In [1]:
from sklearn.cross_validation import train_test_split
from sklearn.naive_bayes import MultinomialNB
from sklearn.pipeline import Pipeline
import pandas as pd
from columns import columns

# Spamalot

This project was designed to explore the use of simple Bayesian analysis, separating training and test data, creating a Bayesian classifier, training the classifier, and testing the classifier. The data used for this project determines whether an email would be considered spam or not based on the frequency of certain strings.

##### Reading the data in. The column headers used are kept in a seperate python file to keep this notebook clean.

In [2]:
df = pd.read_csv('spambase.data', names=columns)

##### The x-values include the series in the DataFrame that are used to determine wether an email is considered spam. The y-values is the series in the DataFrame that indicates whether the email in considered spam. The data is then split into trainging and testing data. 

In [3]:
X = df[columns[:-1]]
y = df["SPAM"]

In [4]:
X_train, X_test, y_train, y_test = train_test_split(X, y, train_size=0.6, random_state=42)

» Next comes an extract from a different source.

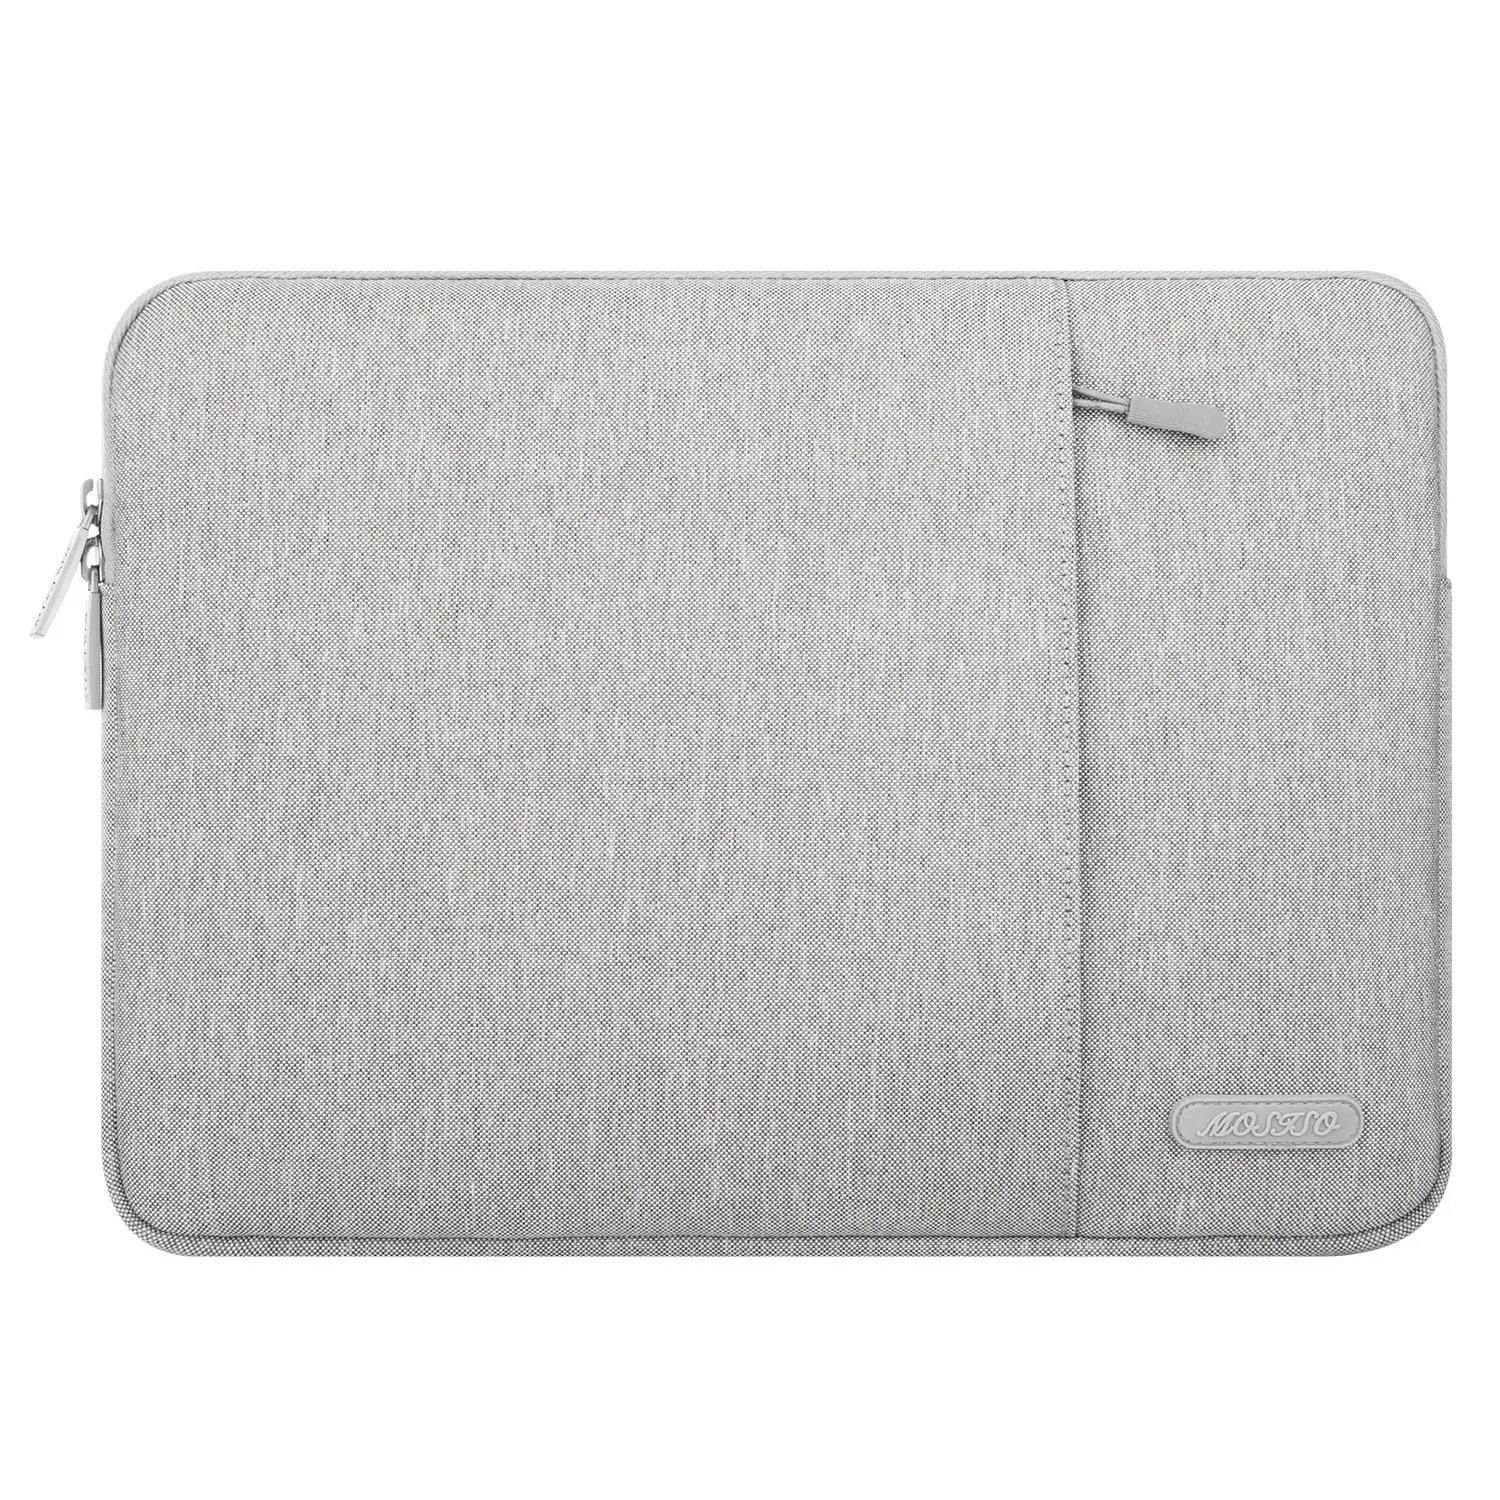 Water Repellent Neoprene Bag 13-13.3 inch Notebook Computer Laptop Case Sleeve

##### Creating a Bayesian classifier and training and testing the data.

In [5]:
bay = MultinomialNB()

In [6]:
bay.fit(X_train, y_train)

MultinomialNB(alpha=1.0, class_prior=None, fit_prior=True)

In [7]:
bay.score(X_train, y_train)

0.78260869565217395

In [8]:
bay.score(X_test, y_test)

0.78109722976643126

##### Predicting with test data and determining that about 61.8% of the test data is not spam. The data provided is known to be 40% spam and 60% not spam. A testing of 61.8% not spam is a decent result considering it is unknown how the data is split amongst the test and train groups.

In [9]:
test = bay.predict(X_test)

In [10]:
not_spam = 0
for item in test:
    if item == 0:
        not_spam += 1

In [11]:
not_spam = not_spam / len(test)
print("Emails not spam: {}%".format(not_spam))

Emails not spam: 0.6181423139598045%


##### Changing the train/test split to determine if a 60/40 split is best.

In [12]:
X_train, X_test, y_train, y_test = train_test_split(X, y, train_size=0.75, random_state=42)

In [13]:
bay = MultinomialNB()
bay.fit(X_train, y_train)
bay.score(X_train, y_train)

0.79130434782608694

In [14]:
bay.score(X_test, y_test)

0.79148566463944392

In [15]:
test = bay.predict(X_test)
not_spam = 0
for item in test:
    if item == 0:
        not_spam += 1
        
not_spam = not_spam / len(test)
print("Emails not spam: {}%".format(not_spam))

Emails not spam: 0.6203301476976543%


##### Changing the train/test split to 75% training and 25% tests results in a higher score by about 0.01; however, the result of finding how many emails are considered not spam increased by less than 1% to 62.0%. Again, it is known that the entire data set includes 60% emails that are classified as not spam, but the exact composition of the testing data set is unknown.